ULS Workshop Wiki


FailureIsConstant

It's not a matter of what to do when the system fails, but a matter of "hundreds of components are failing all the time" how can we design and implement software to live well with that? -FabioKon.

I can think of two examples of systems that already do it. One is the world-wide-web. One of the reasons that it works so well is that it assumes that just because a URL worked a minute ago is no reason to assume it will work now. Failure is built into the communication model. Moreover, the system really DOES fail, so if someone mistakenly tries to build a system assuming that communication is reliable, they are quickly set straight. Because the web is like this, web services tend to be like this, as well. When you build a system on web services, you know the odds that your components will fail is high. It is not like Unix programs, where many C programmers assume that a write will always succeed and do not check for errors. They get away with it because file systems don't fill up very often, and that is the main reason a write fails unexpectedly in Unix. This shows the importance of a pattern I'll call CreateFailure.

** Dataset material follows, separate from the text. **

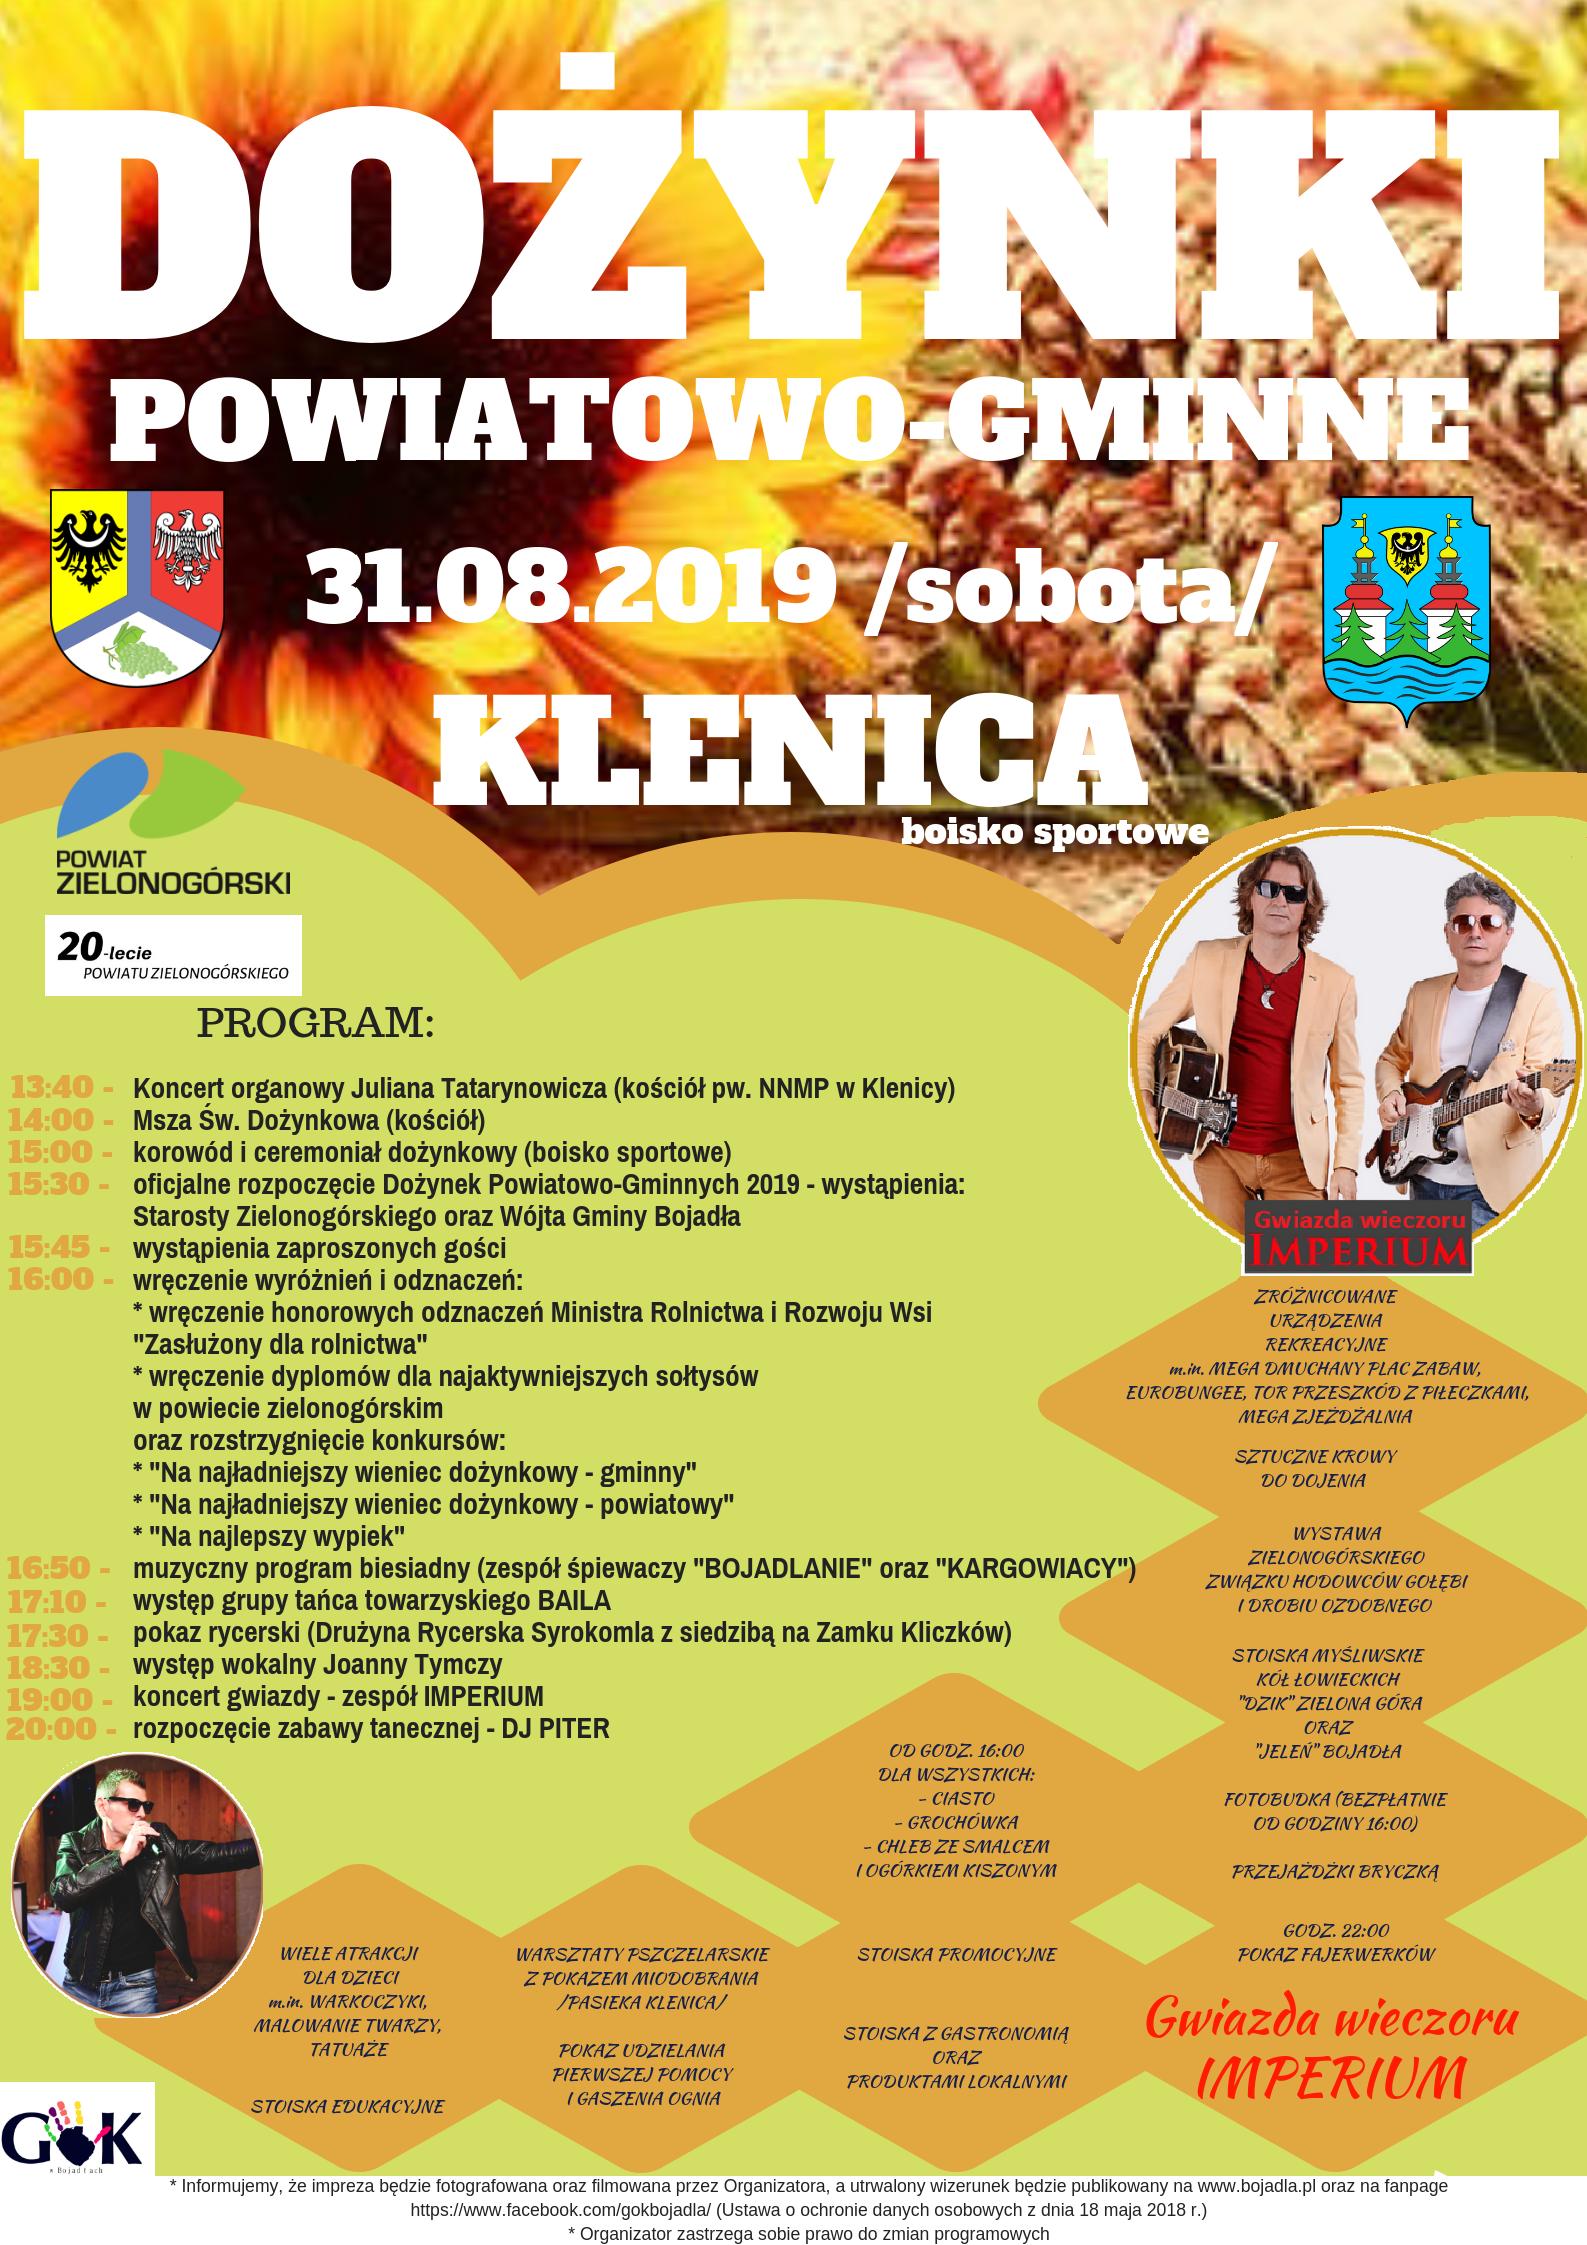 Ilustracja do informacji: Dożynki powiatowo-gminne w Klenicy

Another example is Erlang. One of the reaons it is so good at building reliable systems is that failure is a key part of Erlang interprocessor communication. One of the expected results of every message is "receiver died". Processes are independent from each other, so failure propagates only when you want it to. The possibility of failure and the independence of processes is built into the langage. Joe Armstrong (the author of Erlang) has a whole bunch of patterns that are used to limit failure, and I'd like to learn them. I am not proposing Erlang as a solution to ULS because no programming language will be. However, its model of interprocess communication is similar to that of web services and is just what is needed in a ULS. I bet that many of Joe Armstrong's patterns would be important in a ULS, as well.

-RalphJohnson